Work instructions: Retype, without any change, the line that contains "Salvador Dali" and every line that follows it to the end of the entries, and nothing else.

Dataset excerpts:
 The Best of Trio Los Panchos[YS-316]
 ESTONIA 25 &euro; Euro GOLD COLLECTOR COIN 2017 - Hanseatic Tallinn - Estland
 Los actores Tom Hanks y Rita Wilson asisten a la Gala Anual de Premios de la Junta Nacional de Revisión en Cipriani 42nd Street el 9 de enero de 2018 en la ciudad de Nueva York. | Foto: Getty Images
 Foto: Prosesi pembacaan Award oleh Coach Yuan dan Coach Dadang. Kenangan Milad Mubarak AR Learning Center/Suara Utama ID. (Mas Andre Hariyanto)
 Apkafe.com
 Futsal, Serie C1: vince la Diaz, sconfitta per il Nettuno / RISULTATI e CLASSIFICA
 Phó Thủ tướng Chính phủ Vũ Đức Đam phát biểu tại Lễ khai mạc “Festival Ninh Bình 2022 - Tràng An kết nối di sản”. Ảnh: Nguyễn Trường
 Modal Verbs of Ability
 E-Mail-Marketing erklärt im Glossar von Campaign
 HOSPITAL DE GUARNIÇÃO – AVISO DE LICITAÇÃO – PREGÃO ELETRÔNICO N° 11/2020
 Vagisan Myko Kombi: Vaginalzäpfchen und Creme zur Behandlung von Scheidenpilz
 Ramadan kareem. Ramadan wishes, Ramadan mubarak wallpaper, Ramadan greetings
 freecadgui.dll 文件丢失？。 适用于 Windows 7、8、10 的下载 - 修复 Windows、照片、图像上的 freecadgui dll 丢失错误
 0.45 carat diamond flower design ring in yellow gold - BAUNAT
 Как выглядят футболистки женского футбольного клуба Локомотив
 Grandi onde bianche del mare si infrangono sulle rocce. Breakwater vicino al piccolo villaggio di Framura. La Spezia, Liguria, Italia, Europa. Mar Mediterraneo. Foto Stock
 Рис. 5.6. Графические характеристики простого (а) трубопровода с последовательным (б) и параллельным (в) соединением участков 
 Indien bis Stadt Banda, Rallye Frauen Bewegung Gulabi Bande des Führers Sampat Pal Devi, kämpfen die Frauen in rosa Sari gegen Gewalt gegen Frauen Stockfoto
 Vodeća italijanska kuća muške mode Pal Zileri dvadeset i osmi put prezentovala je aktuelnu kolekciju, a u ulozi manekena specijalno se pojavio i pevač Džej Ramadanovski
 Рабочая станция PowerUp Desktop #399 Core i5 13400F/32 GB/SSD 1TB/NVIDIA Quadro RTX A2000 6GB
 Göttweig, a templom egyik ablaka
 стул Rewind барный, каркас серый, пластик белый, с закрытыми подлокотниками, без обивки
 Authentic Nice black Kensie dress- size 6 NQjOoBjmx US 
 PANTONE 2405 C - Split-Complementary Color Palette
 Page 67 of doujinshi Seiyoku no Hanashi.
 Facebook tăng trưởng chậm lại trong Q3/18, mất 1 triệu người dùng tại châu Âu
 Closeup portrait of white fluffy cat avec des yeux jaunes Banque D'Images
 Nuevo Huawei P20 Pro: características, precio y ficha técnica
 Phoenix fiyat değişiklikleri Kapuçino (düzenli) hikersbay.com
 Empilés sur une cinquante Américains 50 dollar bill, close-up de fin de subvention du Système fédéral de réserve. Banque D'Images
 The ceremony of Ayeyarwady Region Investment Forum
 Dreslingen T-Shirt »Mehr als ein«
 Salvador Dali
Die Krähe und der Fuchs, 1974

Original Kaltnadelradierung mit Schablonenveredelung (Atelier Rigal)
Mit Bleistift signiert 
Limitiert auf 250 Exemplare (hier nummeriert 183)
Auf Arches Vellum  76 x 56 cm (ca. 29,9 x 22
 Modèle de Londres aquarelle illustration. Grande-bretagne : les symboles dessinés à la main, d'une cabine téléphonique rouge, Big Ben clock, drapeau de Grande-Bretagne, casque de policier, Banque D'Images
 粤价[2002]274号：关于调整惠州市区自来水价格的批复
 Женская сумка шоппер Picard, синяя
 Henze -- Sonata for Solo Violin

Output of the exercise:
 Salvador Dali
Die Krähe und der Fuchs, 1974

Original Kaltnadelradierung mit Schablonenveredelung (Atelier Rigal)
Mit Bleistift signiert 
Limitiert auf 250 Exemplare (hier nummeriert 183)
Auf Arches Vellum  76 x 56 cm (ca. 29,9 x 22
 Modèle de Londres aquarelle illustration. Grande-bretagne : les symboles dessinés à la main, d'une cabine téléphonique rouge, Big Ben clock, drapeau de Grande-Bretagne, casque de policier, Banque D'Images
 粤价[2002]274号：关于调整惠州市区自来水价格的批复
 Женская сумка шоппер Picard, синяя
 Henze -- Sonata for Solo Violin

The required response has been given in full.